Солнце светило пуще обычного, от чего хозяйка иногда жмурилась. Она была высока, одета в фартук и обычное синее платье с какими-то цветами, черты возможно изысканного когда-то лица стерлись в один всеобъемлющий образ матери — ни красоты, ни уродства не было в этих заботливых голубых глазах, самую малость обвисших щеках и прямом носе. Она была педантична в хозяйских делах и сентиментальна в делах душевных. Нельзя было сказать, что она просто держит свой дом в порядке, а детей в сытости — у нее были свои страсти, увлечения, взлеты и полеты. Анна не хотела быть ключевым персонажем, но внимание ей всегда доставалось, как это было и сейчас.

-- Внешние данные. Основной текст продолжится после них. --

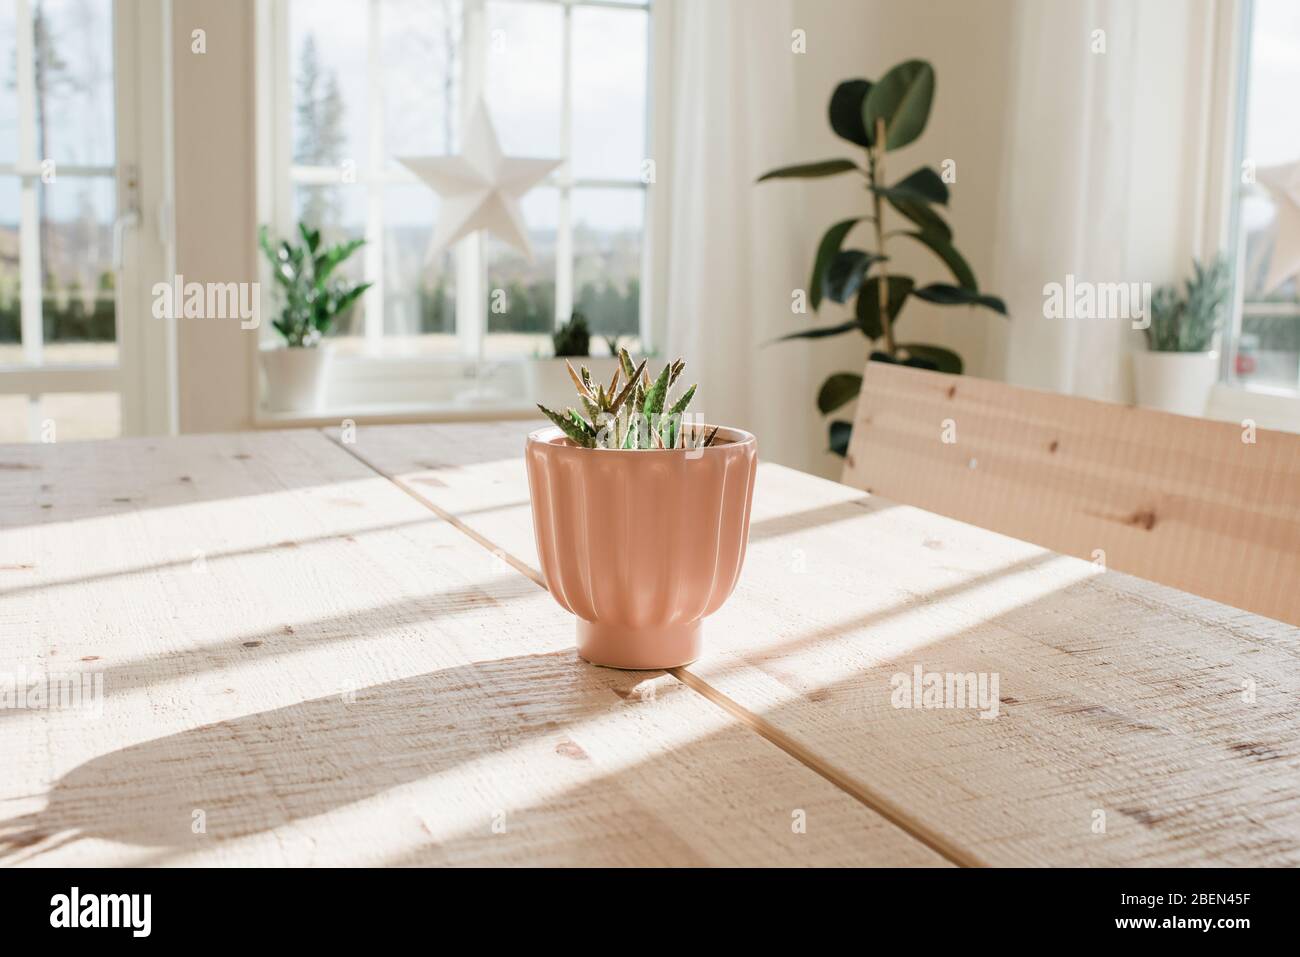 cactus plant on a table at home Stock Photo

Бром, сопровождаемый детьми, шел мимо деревянных домов с шиферными крышами и пластмассовыми игрушками, которые якобы были куплены в качестве флюгеров, и огородов, на которых либо бегали игривые дети, собирая опадшую сливу, либо копошились в неполотой земле бабки. Увидав мать своих маленьких спутников, он обомлел — росший без матери Бром не знал, как должна выглядеть мать, все, что он знал, что у него ее нет. Ему никогда не рассказывали про материнский образ, но, посмотрев на нее, он тут же понял.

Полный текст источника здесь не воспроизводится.